- Opening Delimiter -

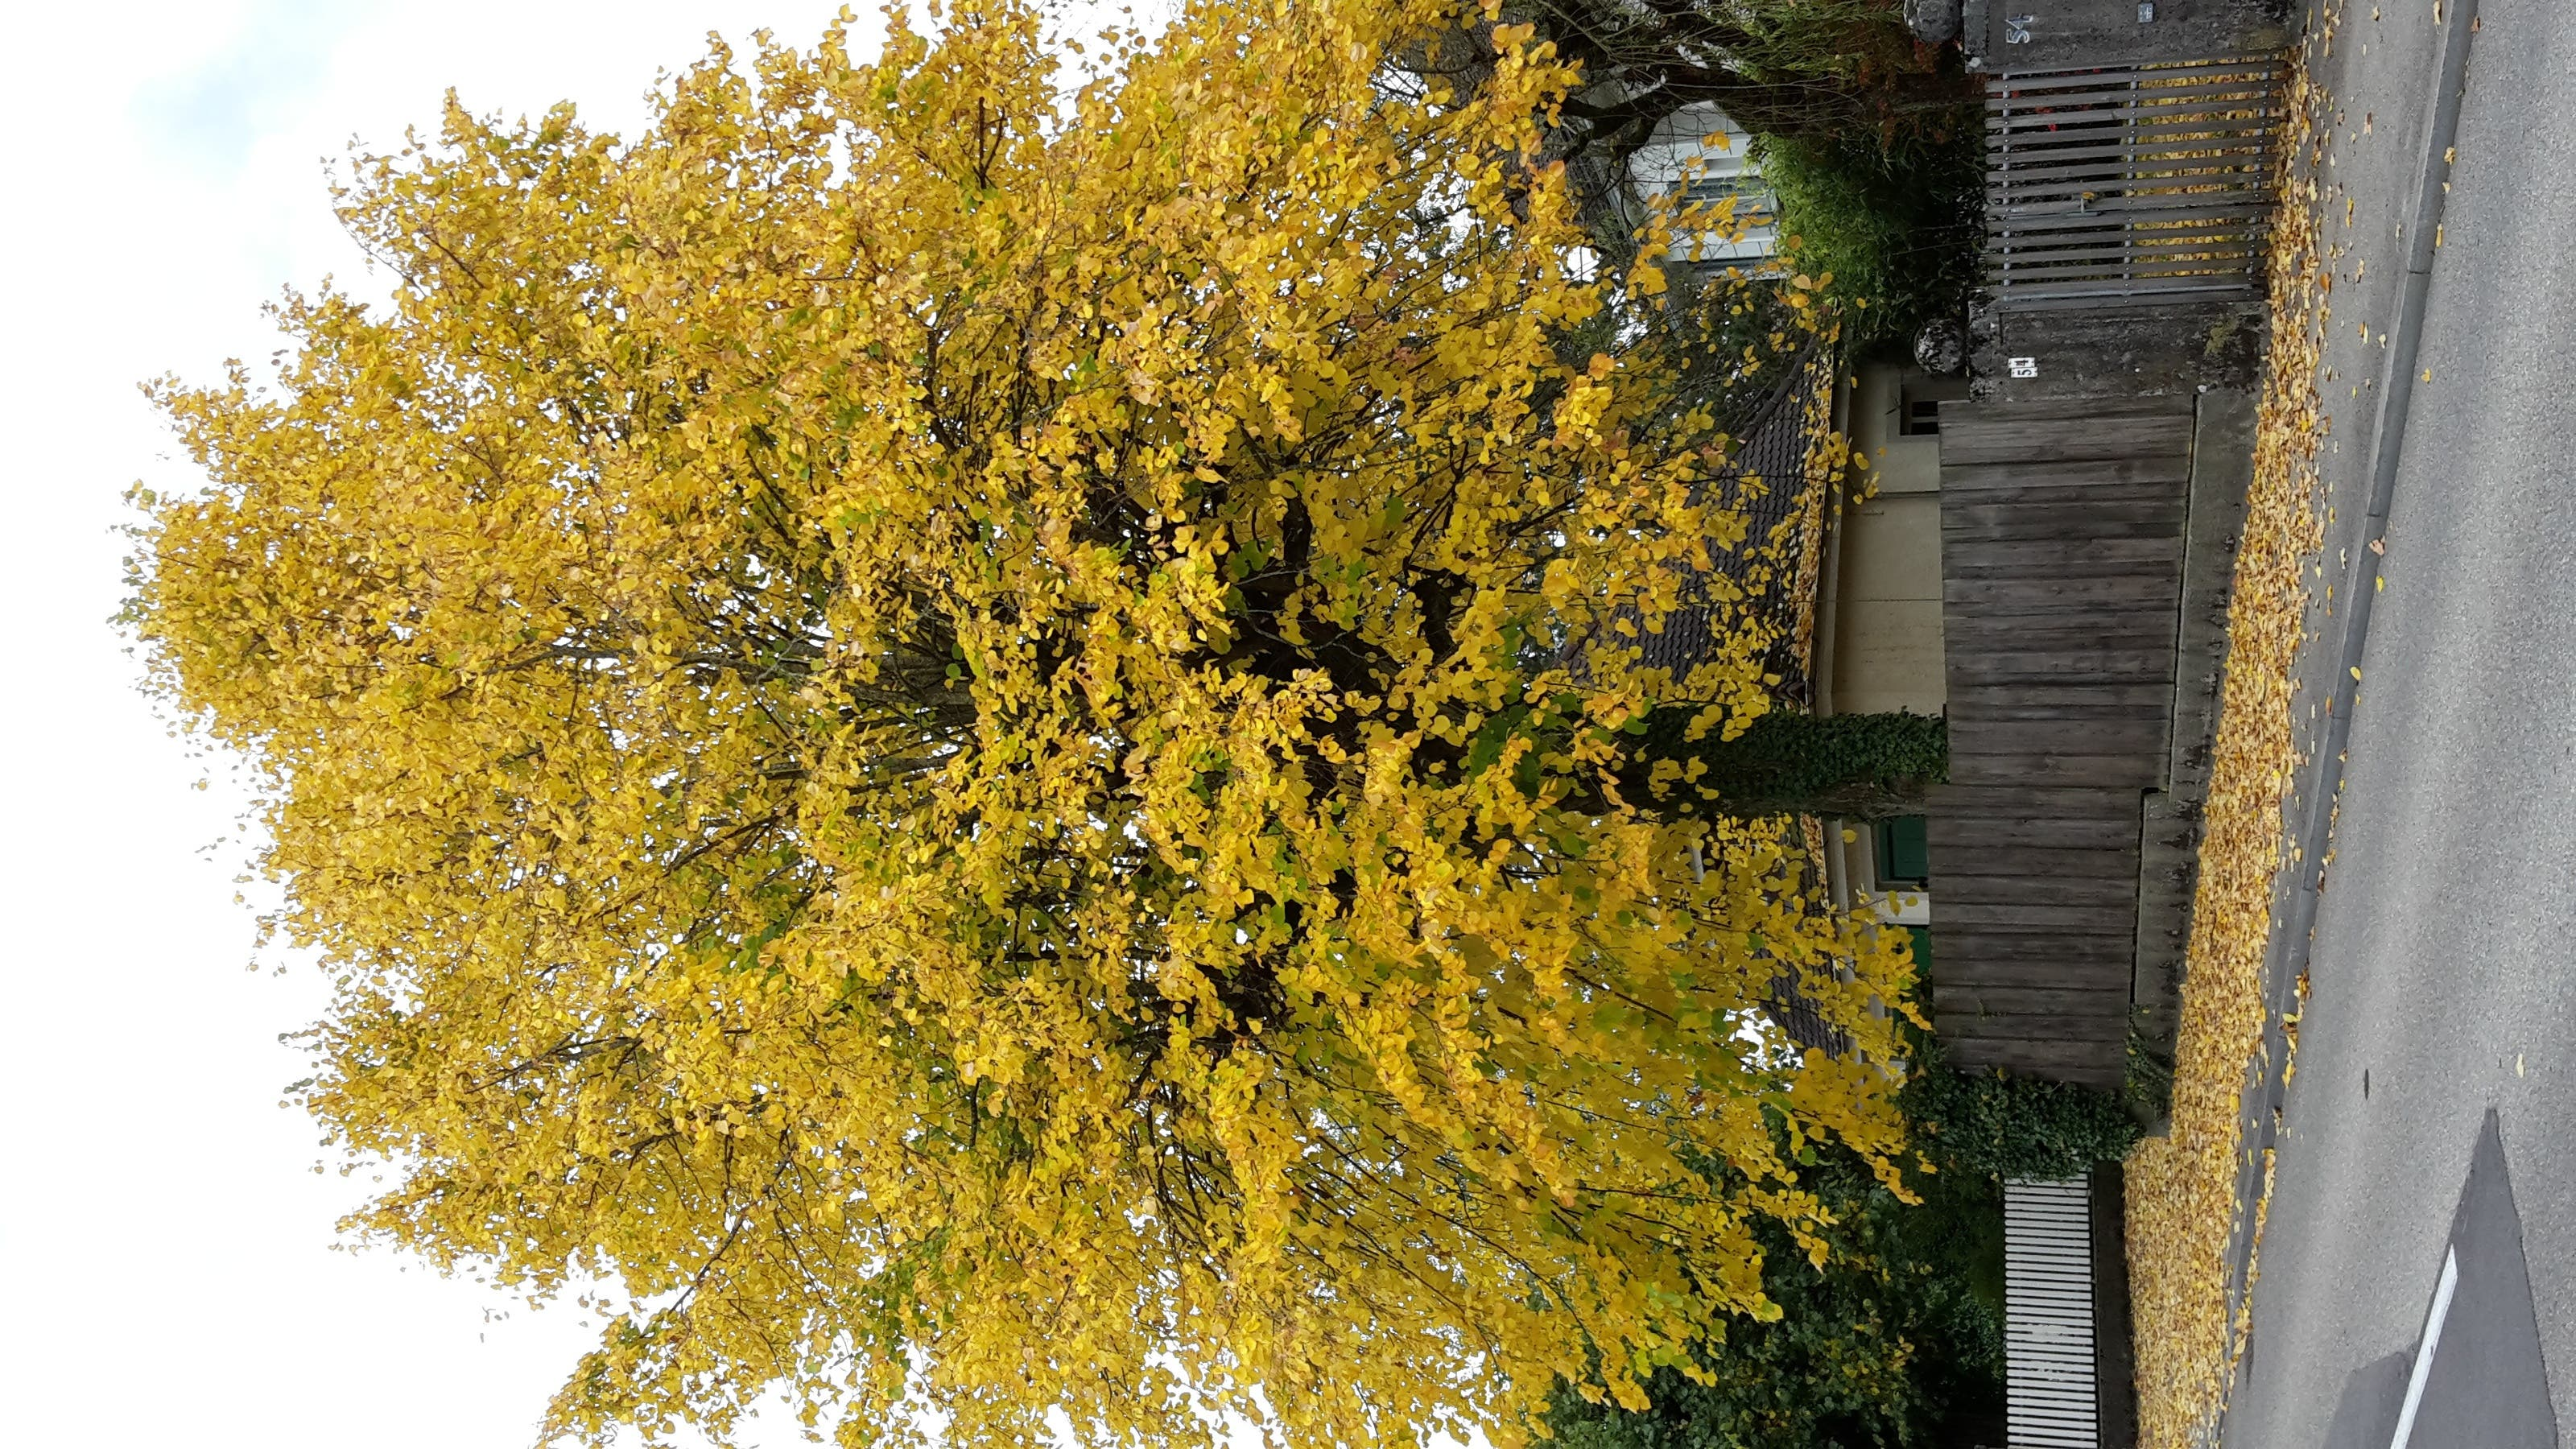 undefined Der goldene Herbst im wahrsten Sinn des Wortes. Einmalig von Mutter Natur vollbracht.
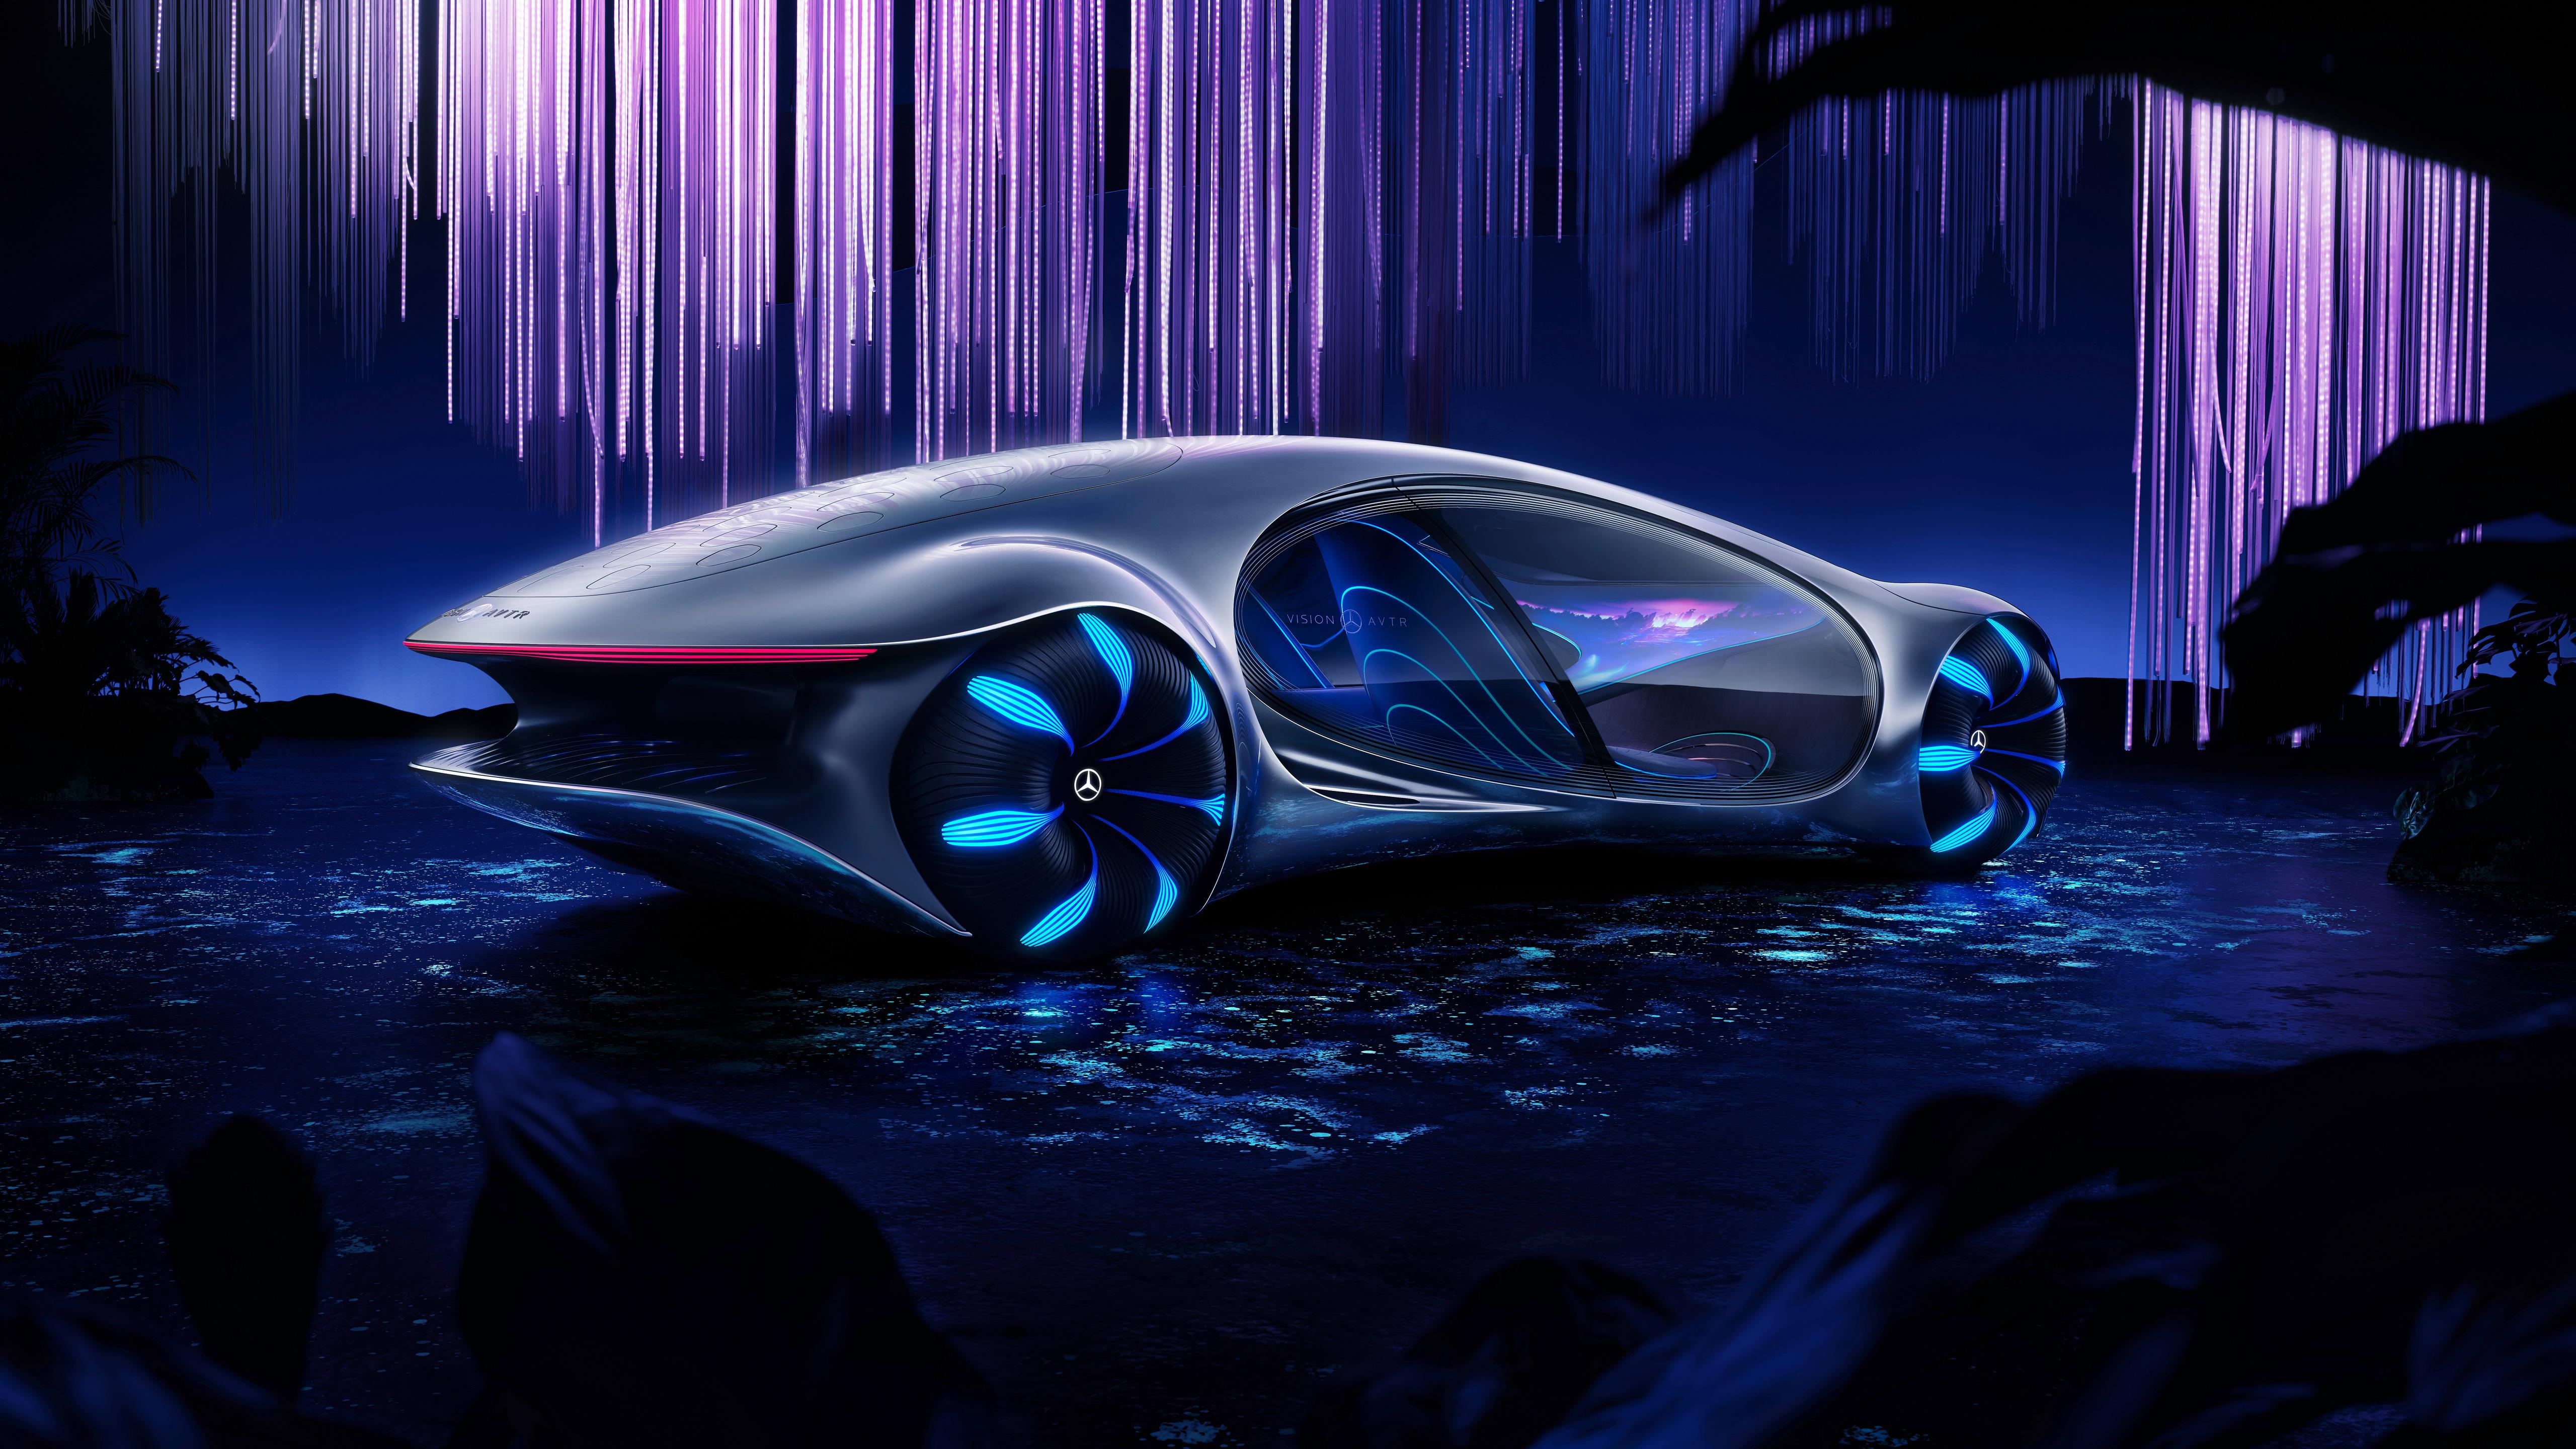 10k-mercedes-benz-vision-avtr-2020-4j.jpg
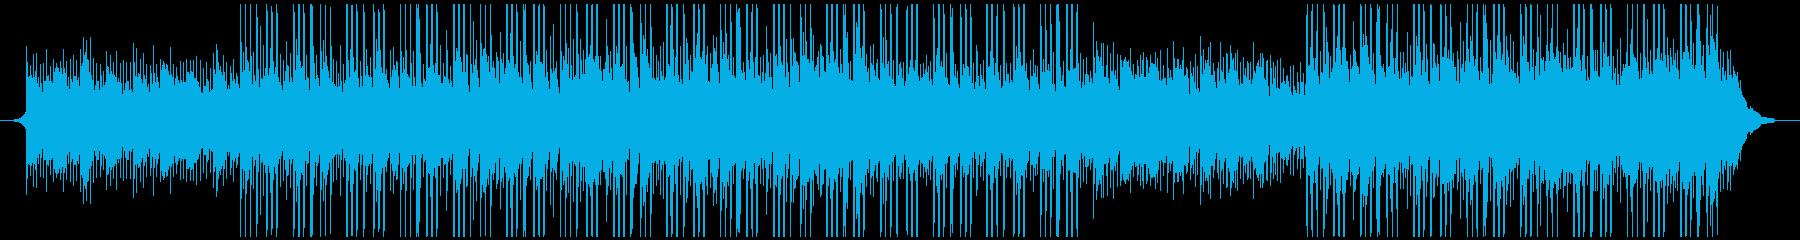 現代のテクノロジーの再生済みの波形

- Closing Delimiter -

Task: Look above for the line containing "10k-mercedes-benz-vision-avtr-2020-4j.jpg"; output that line and all lines after it through the last one exactly, without the pictures.

Answer space:
 10k-mercedes-benz-vision-avtr-2020-4j.jpg
 現代のテクノロジーの再生済みの波形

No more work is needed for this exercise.